* Available data
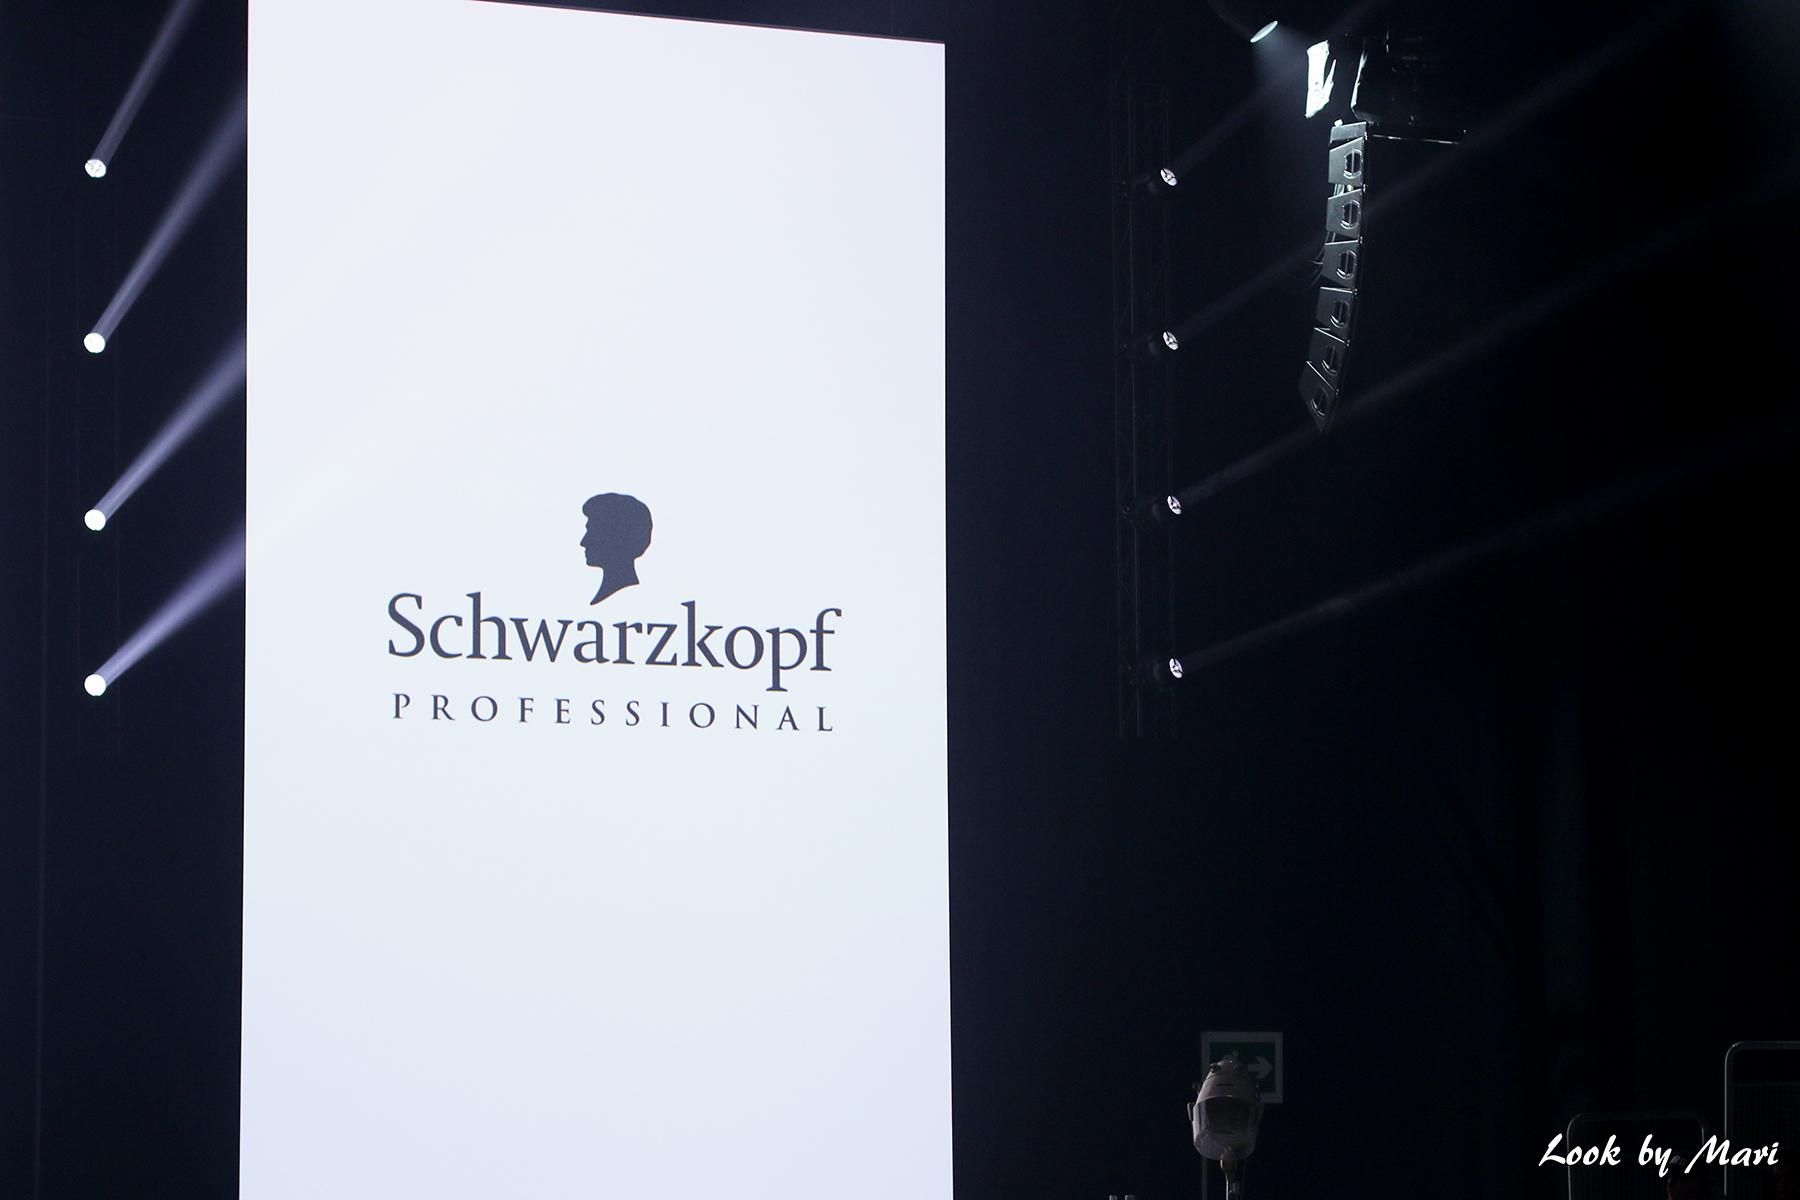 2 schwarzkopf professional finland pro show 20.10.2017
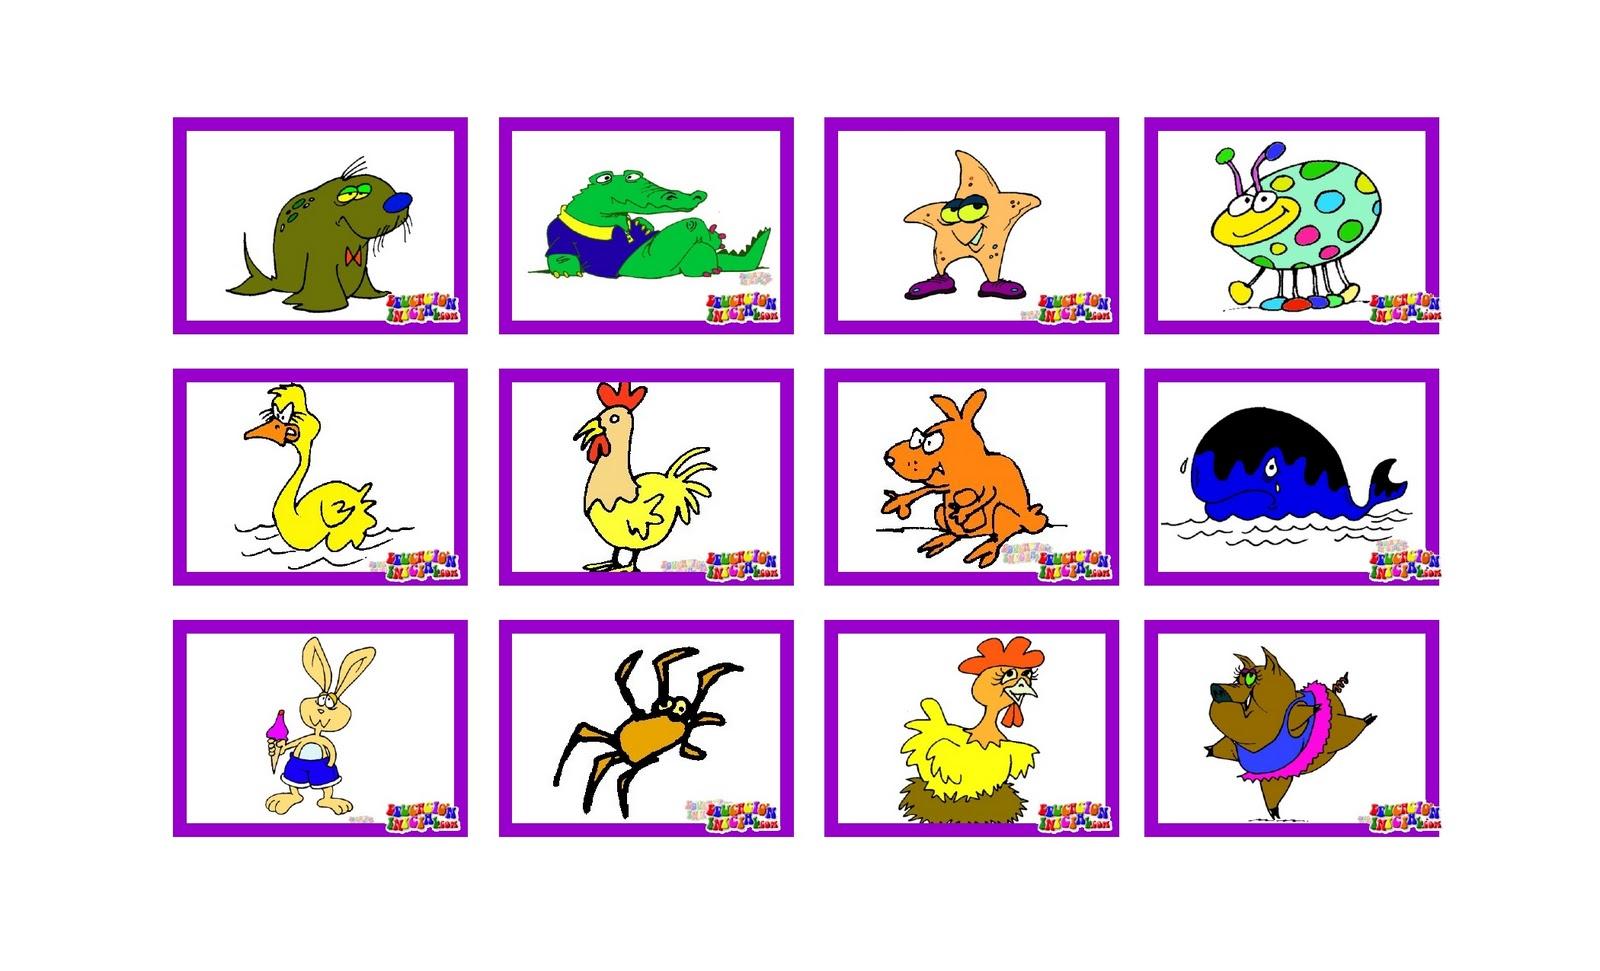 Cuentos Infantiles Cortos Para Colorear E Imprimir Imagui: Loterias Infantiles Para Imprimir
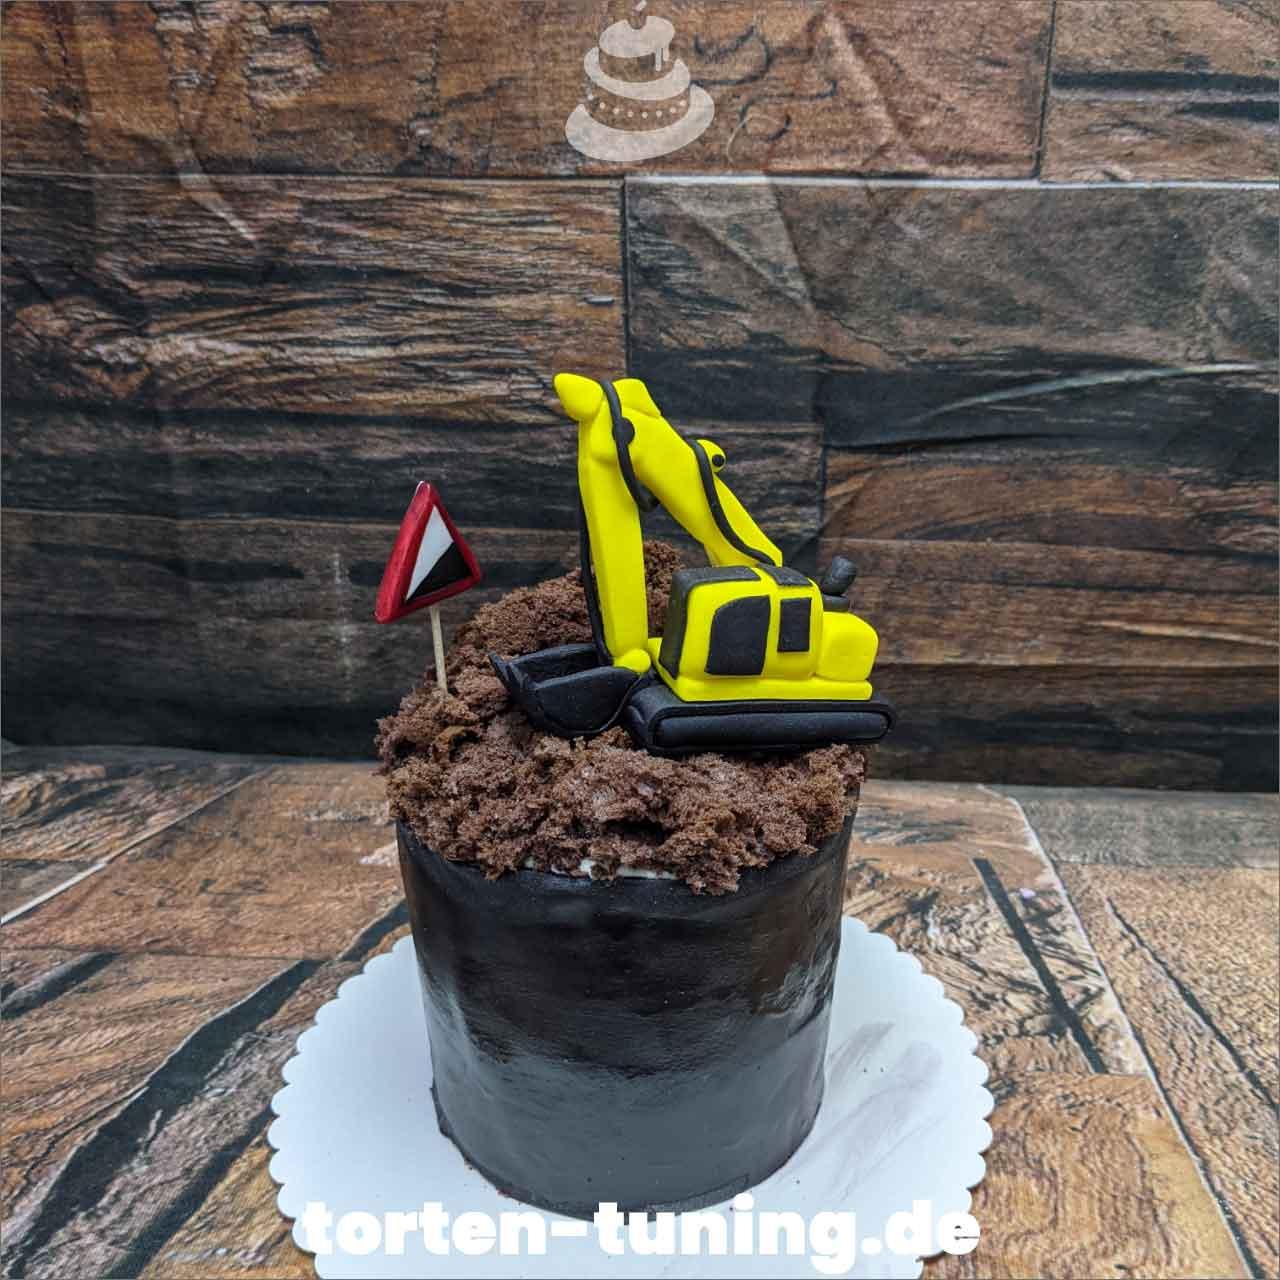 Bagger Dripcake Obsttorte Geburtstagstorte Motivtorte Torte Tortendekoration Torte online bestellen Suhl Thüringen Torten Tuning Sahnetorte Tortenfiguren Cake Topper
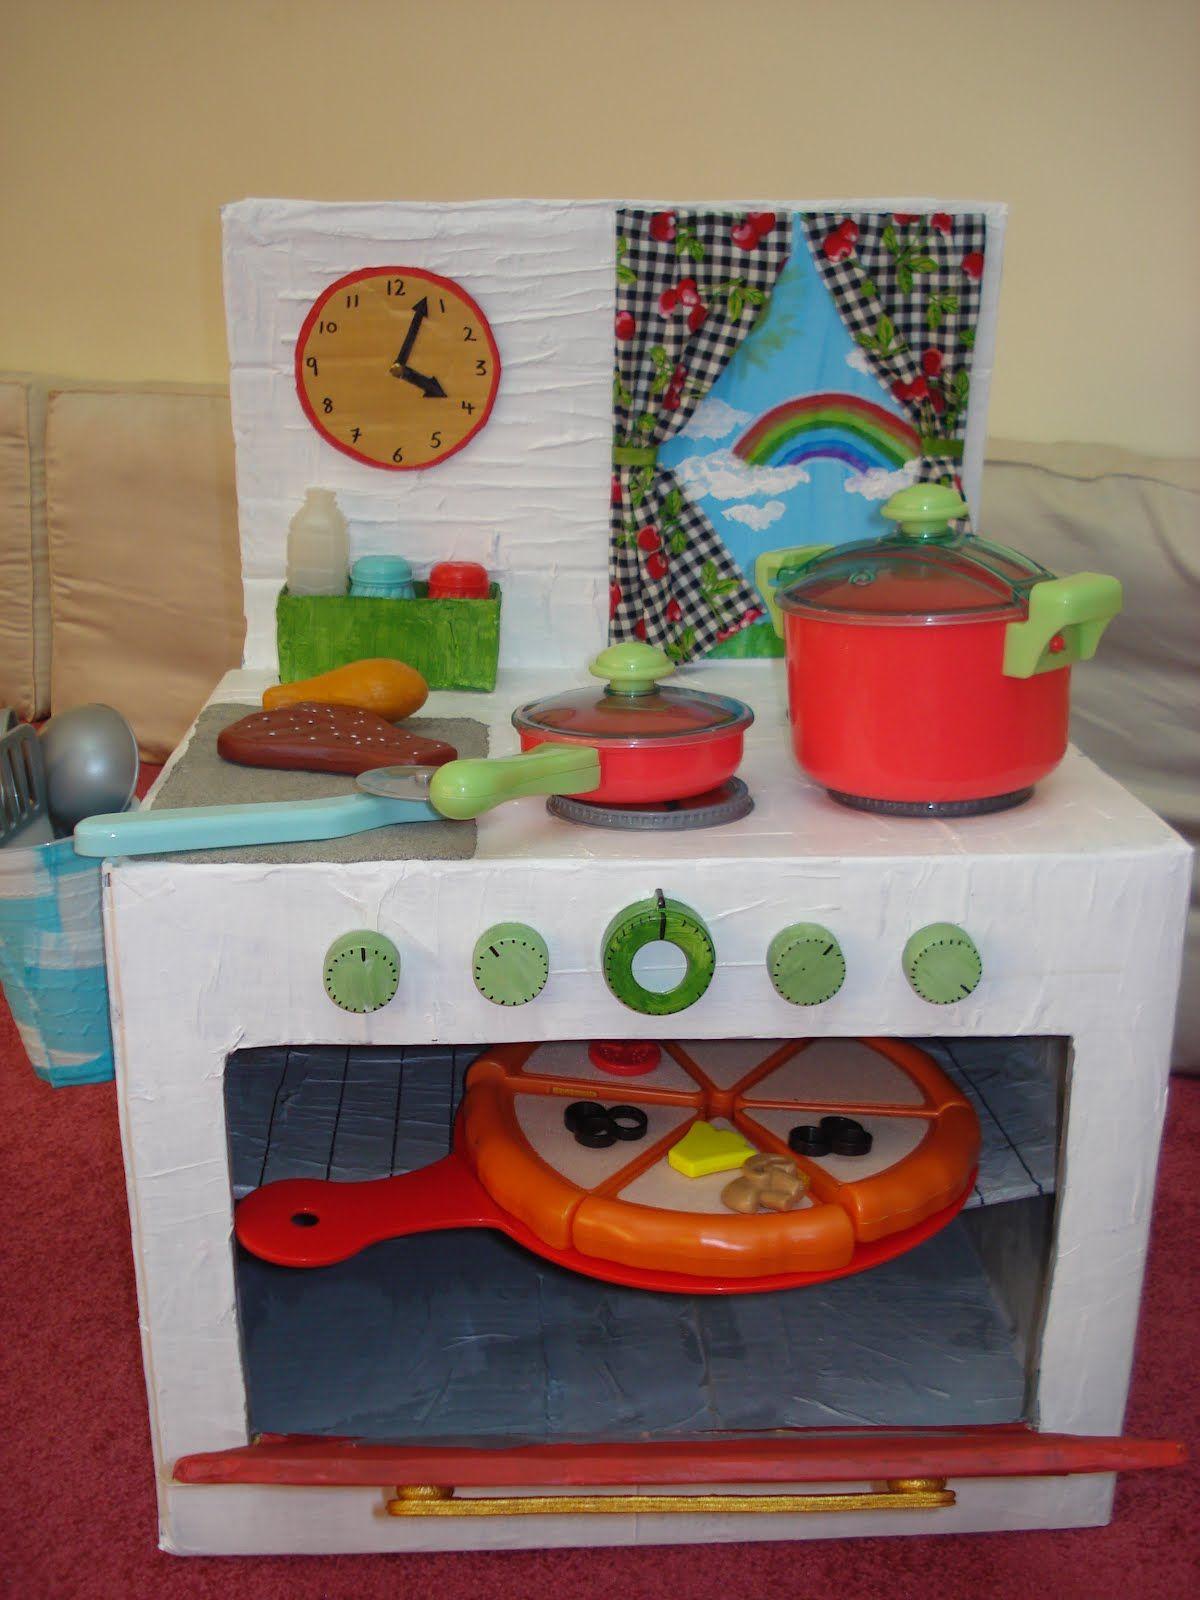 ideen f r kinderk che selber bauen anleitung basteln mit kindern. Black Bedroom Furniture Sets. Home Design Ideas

* Required action
Reproduce the whole listing word for word, setting aside any pictures.

* Task response
 2 schwarzkopf professional finland pro show 20.10.2017
 Cuentos Infantiles Cortos Para Colorear E Imprimir Imagui: Loterias Infantiles Para Imprimir
 Bagger Dripcake Obsttorte Geburtstagstorte Motivtorte Torte Tortendekoration Torte online bestellen Suhl Thüringen Torten Tuning Sahnetorte Tortenfiguren Cake Topper
 ideen f r kinderk che selber bauen anleitung basteln mit kindern. Black Bedroom Furniture Sets. Home Design Ideas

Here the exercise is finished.